Однако оба эти подхода означают не различие в понимании святости, но лишь оценку одного и того же явления на разных уровнях. Новозаветное употребление термина исходит из того, какими призваны быть верующие, давшие «обещание Богу доброй совести» (1 Пет 3:21) и получившие дар благодати Крещения, хотя в настоящий момент и являющиеся еще плотскими, то есть грешными и несовершенными. Церковная же традиция логически завершает новозаветное понимание, увенчивая ореолом славы тех христиан, которые своей праведной жизнью осуществили это призвание. То есть обе эти традиции говорят об одном и том же — об особой причастности христианина Духу Божию и обуславливают саму возможность такой причастности степенью ревности верующего в духовной жизни. «Не всякий, говорящий Мне: “Господи! Господи!” войдет в Царство Небесное, но исполняющий волю Отца Моего Небесного… отойдите от Меня, делающие беззаконие» (Мф 7:21–23). «Царство Небесное силою берется, и употребляющие усилие восхищают его» (Мф 11:12).
По призванности к иной, новой жизни во Христе Апостол именует всех христиан святыми и этим наименованием подчеркивает открывшуюся для всех верующих возможность стать новым творением (Гал 6:15). Ставших иными по отношению к миру, стяжавших Духа Святого и явивших Его силу в нашем мире Церковь с самого начала своего существования называет святыми.
Широкий анализ понятия святости дает в своем «Столпе...» священник Павел Флоренский. Приведем здесь некоторые его мысли.
«Когда мы говорим о святой Купели, о святом Мире, о Святых Дарах, о святом Покаянии, о святом Браке, о святом Елее... и так далее, и так далее и, наконец, о Священстве, каковое слово уже включает в себя корень "свят", то мы прежде всего разумеем именно неотмирность всех этих Таинств. Они — в мире, но не от мира... И такова именно первая, отрицательная грань понятия о святости. И потому, когда вслед за Таинствами мы именуем святым многое другое, то имеем в виду именно особливость, отрезанность от мира, от повседневного, от житейского, от обычного — того, что называем святым… Посему, когда Бог в Ветхом Завете называется Святым, то это значит, что речь идет о Его надмирности, о Его трансцендентности миру…
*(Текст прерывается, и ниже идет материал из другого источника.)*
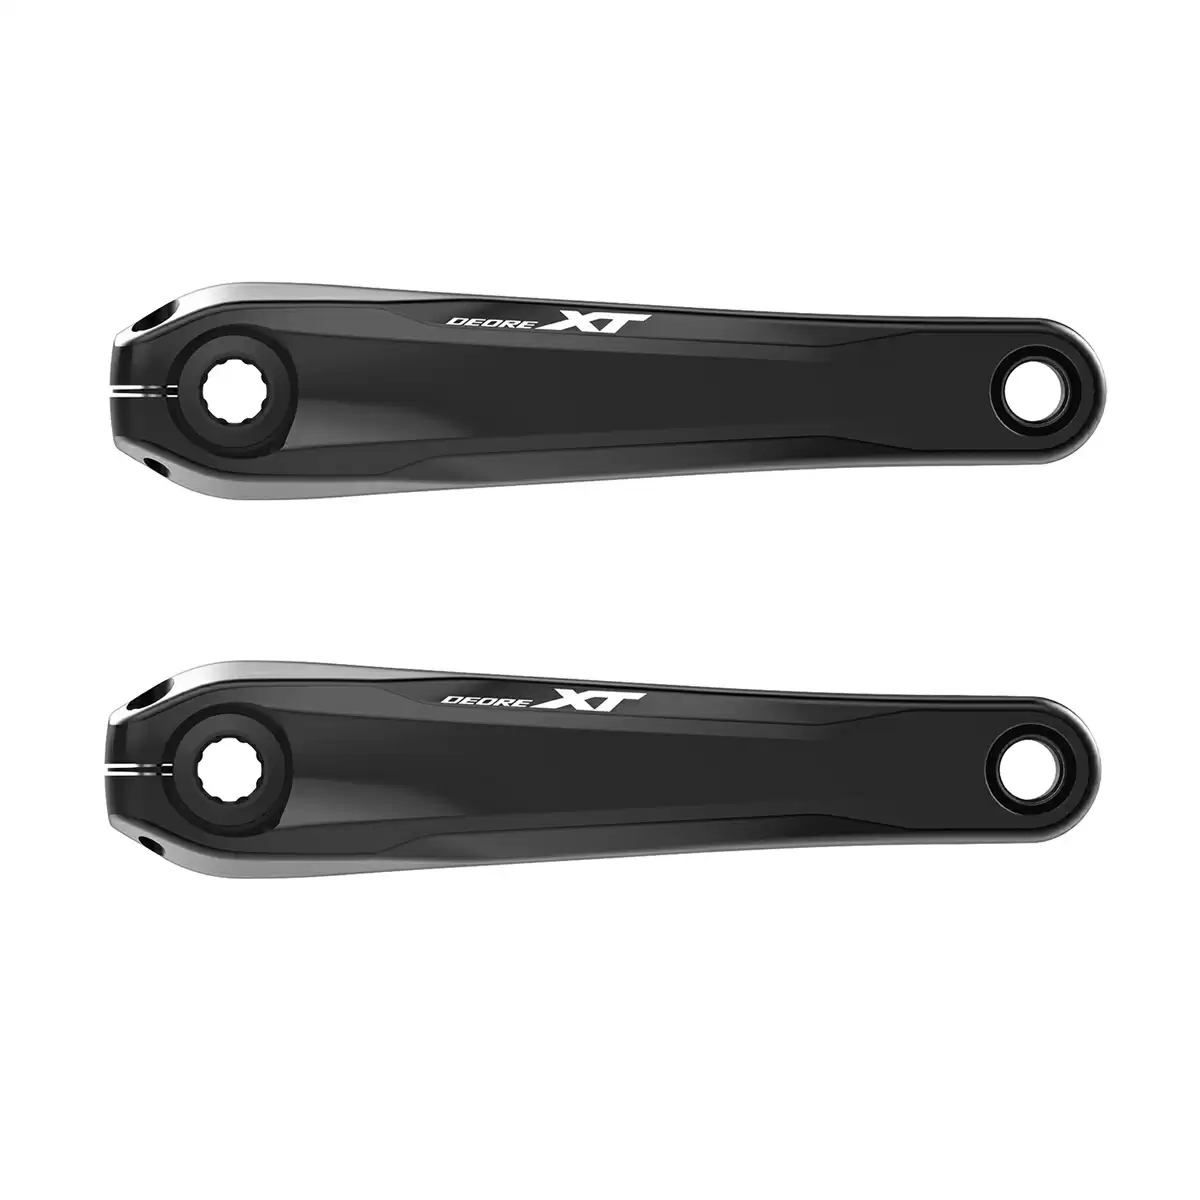 Cranks arms for EP8 engine Hollowtech FC-M8150 170mm - image

И в Новом Завете, когда множество раз Апостол Павел называет в своих посланиях современных ему христиан святыми, то это означает в его устах, прежде всего, выделенность христиан из всего человечества…
Несомненно, в понятии святости мыслится, вслед за отрицательною стороною ее, сторона положительная, открывающая в святом реальность иного мира…
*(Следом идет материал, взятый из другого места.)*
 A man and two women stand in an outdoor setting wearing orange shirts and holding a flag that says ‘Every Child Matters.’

Понятие святости имеет полюс нижний и полюс верхний и в нашем сознании непрестанно движется между этими полюсами, восходя вверх и нисходя обратно… И лествица эта, проходимая снизу вверх, мыслится как путь отрицания мира… Но она может рассматриваться и как проходимая в направлении обратном. И тогда она будет мыслиться как путь утверждения мировой реальности через освящение этой последней»[230].
Таким образом, по мысли отца Павла, святость — это, во-первых, чуждость по отношению к миру греха, отрицание его. Во-вторых, она — конкретное положительное содержание, ибо природа святости Божественна, она онтологически утверждена в Боге. В то же время, святость, подчеркивает он, — не моральное совершенство, хотя она и соединена с ним неразрывно, но — «соприсносущность неотмирным энергиям». Наконец, святость есть не только отрицание, отсутствие всякого зла и не только явление иного мира, Божественного, но и незыблемое утверждение «мировой реальности через освящение этой последней».
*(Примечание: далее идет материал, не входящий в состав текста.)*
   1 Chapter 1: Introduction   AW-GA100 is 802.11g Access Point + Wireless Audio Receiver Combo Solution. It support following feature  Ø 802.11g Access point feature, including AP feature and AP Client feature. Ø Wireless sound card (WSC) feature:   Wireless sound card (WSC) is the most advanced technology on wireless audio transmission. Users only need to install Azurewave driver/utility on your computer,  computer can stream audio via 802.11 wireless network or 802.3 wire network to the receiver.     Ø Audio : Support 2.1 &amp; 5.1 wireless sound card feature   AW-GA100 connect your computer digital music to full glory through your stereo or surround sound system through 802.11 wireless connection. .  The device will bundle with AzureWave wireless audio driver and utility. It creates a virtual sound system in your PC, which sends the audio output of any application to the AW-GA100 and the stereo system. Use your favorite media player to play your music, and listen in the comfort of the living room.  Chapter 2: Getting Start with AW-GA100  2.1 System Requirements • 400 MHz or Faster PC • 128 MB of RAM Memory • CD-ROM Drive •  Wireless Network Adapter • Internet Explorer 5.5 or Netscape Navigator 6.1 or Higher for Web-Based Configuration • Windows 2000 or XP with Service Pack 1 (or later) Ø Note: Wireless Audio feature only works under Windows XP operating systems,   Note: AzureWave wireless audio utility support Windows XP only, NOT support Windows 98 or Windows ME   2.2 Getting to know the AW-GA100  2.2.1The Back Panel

Эта, третья, сторона святости говорит о том, что она является силой, преображающей не только человека, но и мир в целом, так, что «будет Бог все во всем» (1 Кор 15:28). В конечном счете, все творение должно стать иным («И увидел я новое небо и новую землю» — Откр 21:1) и являть собой Бога. Но в этом процессе со стороны творения активную роль может играть только человек, потому на него возлагается вся полнота ответственности за тварь (Рим 8:19–21). И здесь с особой силой открывается значение святых, ставших в условиях земного бытия начатком (Рим 11:16) будущего всеобщего и полного освящения.
Святые — это, прежде всего, иные[231] люди, отличные от живущих «по стихиям мира, а не по Христу» (Кол 2:8). Иные потому, что они борются и с помощью Божией побеждают «похоть плоти, похоть очей и гордость житейскую» (1 Ин 2:16), — все то, что порабощает людей мира сего. В этой выделенности святых из мира троякой похоти, из атмосферы греха можно видеть одну из принципиальных характеристик святости и единство первоначального апостольского и церковно-традиционного ее понимания.
Своей жизнью святые показали, к какой высоте богоподобия призван и способен человек, и что есть это богоподобие. Оно — та духовная красота («добра зело» — Быт 1:31), которая является отражением невыразимого Бога[232]. Эта красота, данная и заданная человеку в творении, раскрывается, однако, лишь при правильной жизни, именуемой аскетикой. О ней, например, отец Павел Флоренский так писал: «Аскетику… святые отцы называли… “искусством из искусств”, “художеством из художеств”… Созерцательное ведение, даваемое аскетикою, есть filokalia — “любовь к красоте”, “любокрасие”. Сборники аскетических творений, издавна называющиеся “Филокалиями”, вовсе не суть Добротолюбие в нашем, современном, смысле слова. “Доброта” тут берется в древнем, общем значении, означающем, скорее, красоту, нежели моральное совершенство, и filokalia значит “красотолюбие”. Да и в самом деле, аскетика создает не “доброго” человека, а “прекрасного”, и отличительная особенность святых подвижников — вовсе не их “доброта”, которая бывает и у плотских людей, даже у весьма грешных, а красота духовная, ослепительная красота лучезарной, светоносной личности, дебелому и плотскому человеку никак недоступная»[233].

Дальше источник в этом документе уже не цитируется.